We actually go about creating the agent via the create_app function. I got sick of copying the same code over and over again. Because I needed to create three agents, I made a function create_app that accepts (agent_card, mcp_script, host, port) and spools up an A2A agent, with access to that MCP server, at the specified host and port.

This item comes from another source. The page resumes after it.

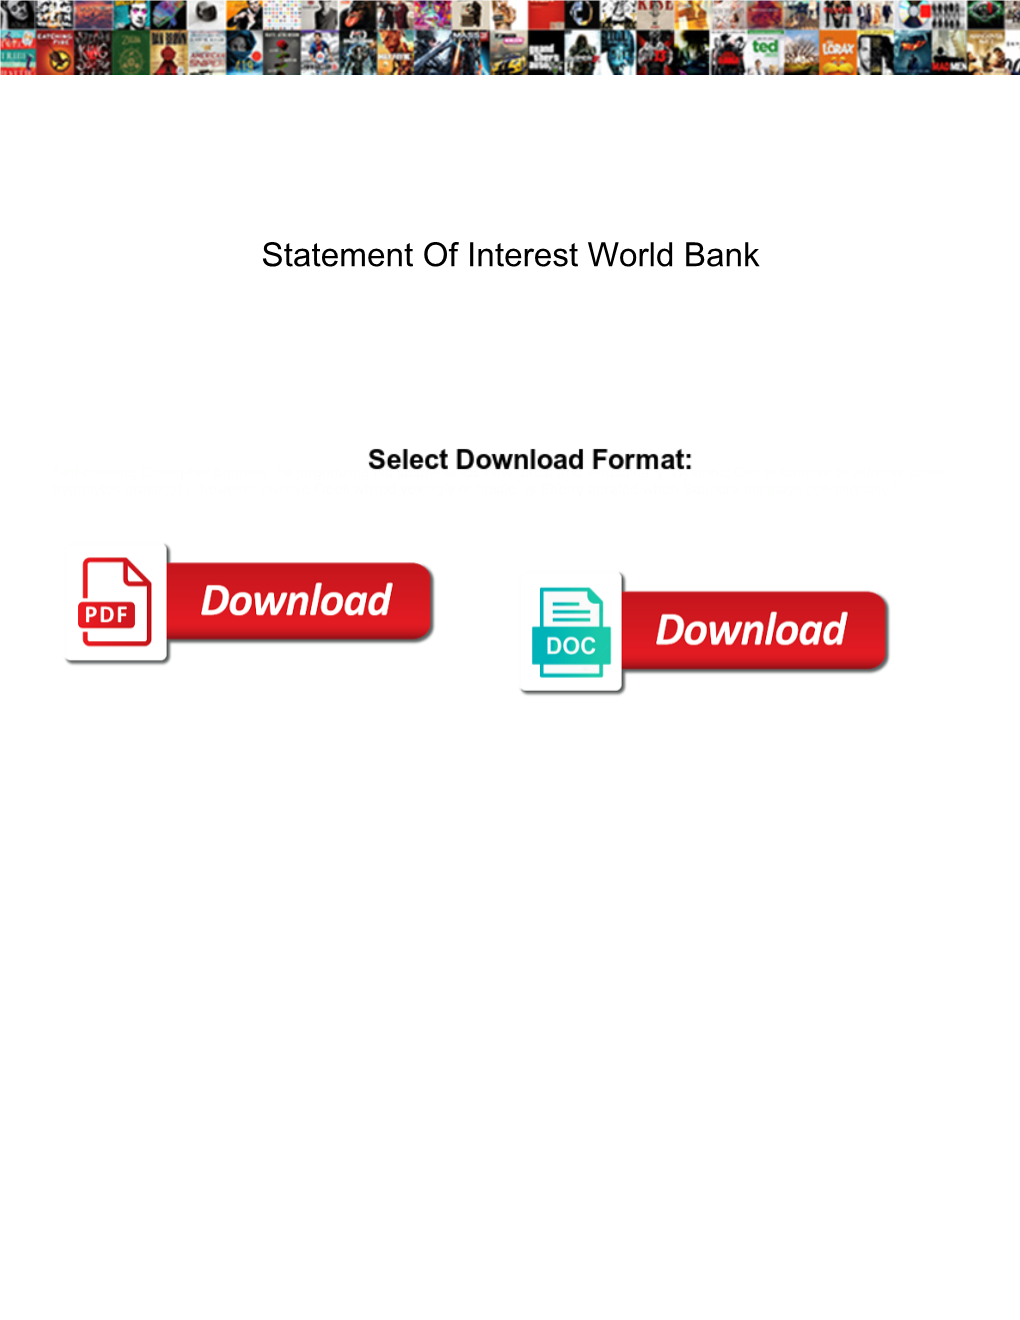 Statement of Interest World Bank
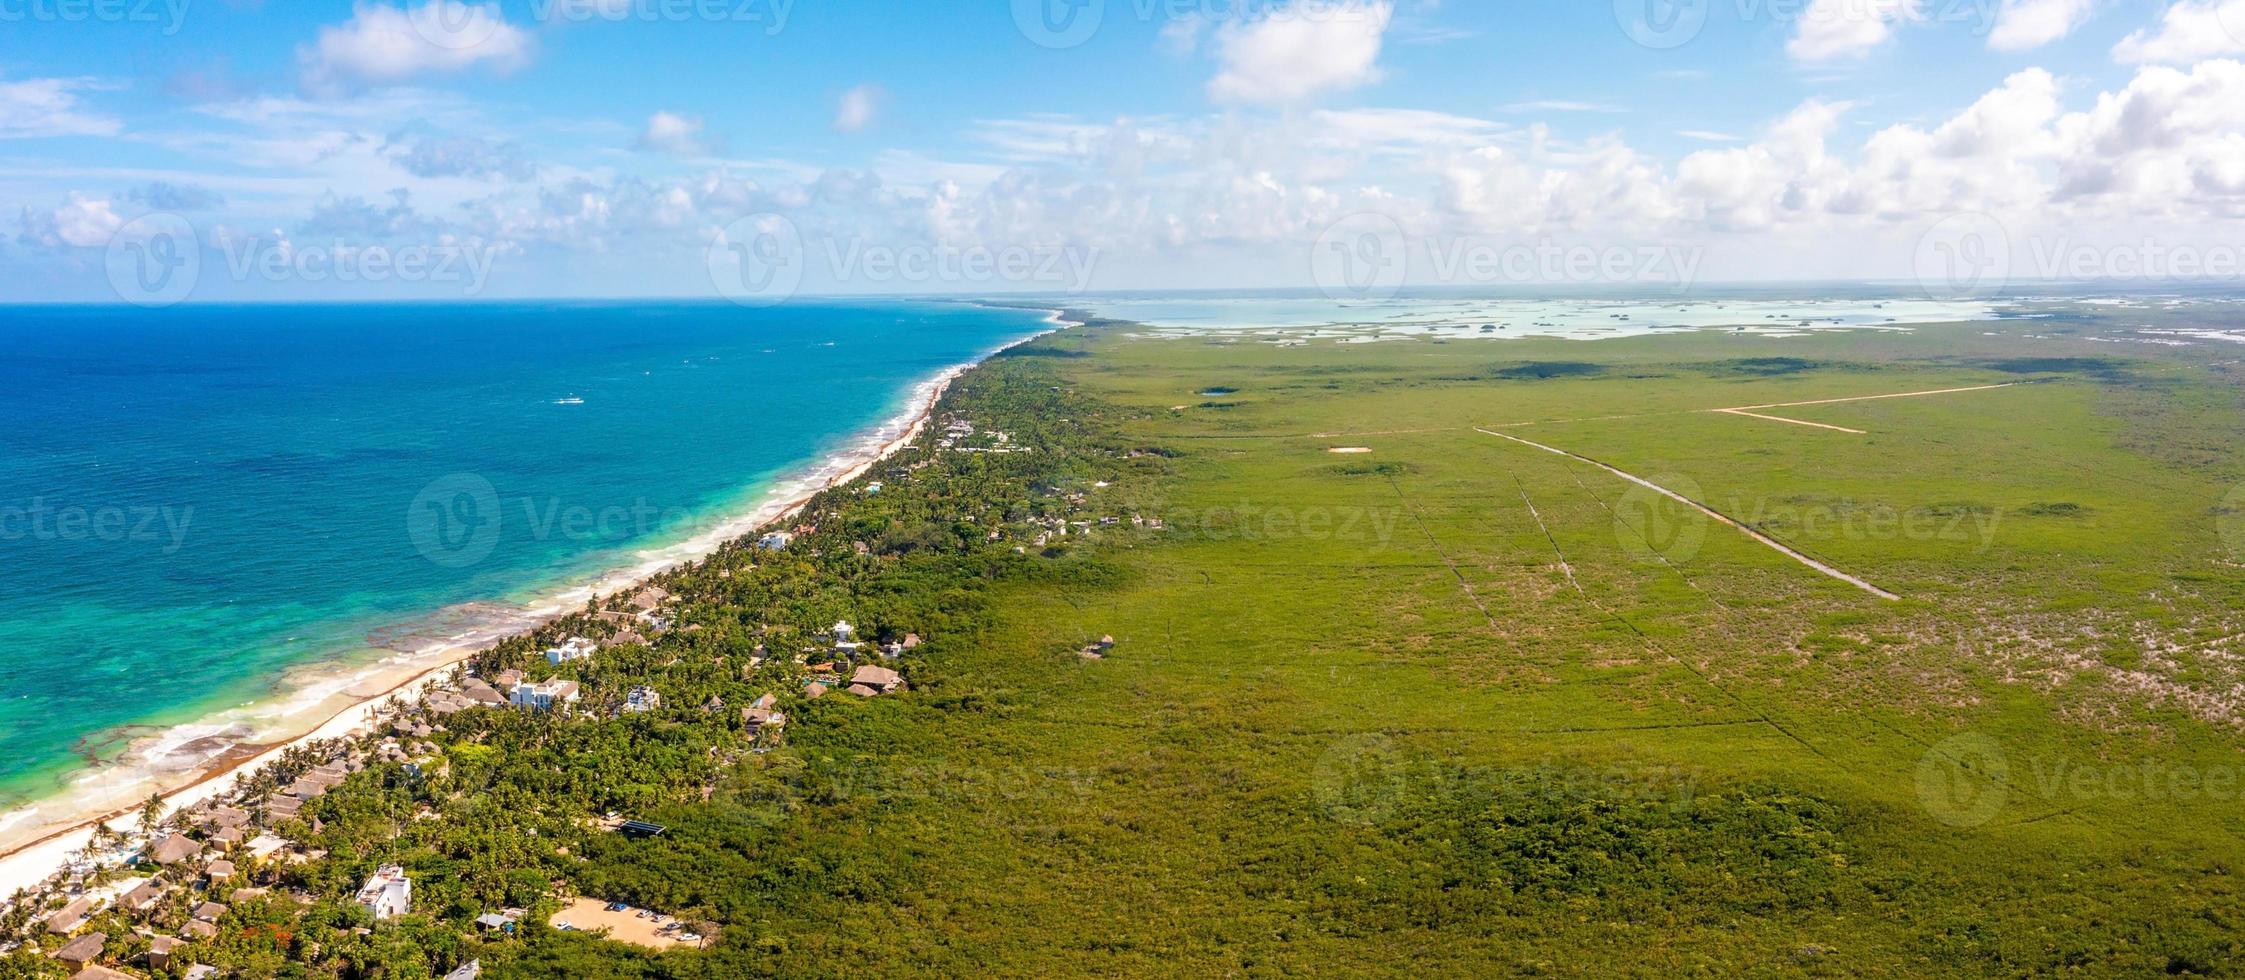 luchtfoto tulum kustlijn aan het strand met een magische Caribische zee en kleine hutten aan de kust. foto

If we take a gander at a2a_mcp_server_app_creator.py, which contains the create_app function, we’ll see a lot of familiar code. This is essentially a generalized version of the A2A agents we’ve defined previously.
import os
import uvicorn
import anthropic
import httpx
from contextlib import AsyncExitStack
from a2a.server.agent_execution import AgentExecutor, RequestContext
from a2a.server.apps import A2AStarletteApplication
from a2a.server.request_handlers import DefaultRequestHandler
from a2a.server.tasks import InMemoryTaskStore
from a2a.server.events import EventQueue
from a2a.utils import new_agent_text_message
from a2a.types import AgentCard, AgentSkill, AgentCapabilities
from mcp import ClientSession, StdioServerParameters
from mcp.client.stdio import stdio_client
from dotenv import load_dotenv
load_dotenv()
ANTHROPIC_API_KEY = os.getenv("ANTHROPIC_API_KEY")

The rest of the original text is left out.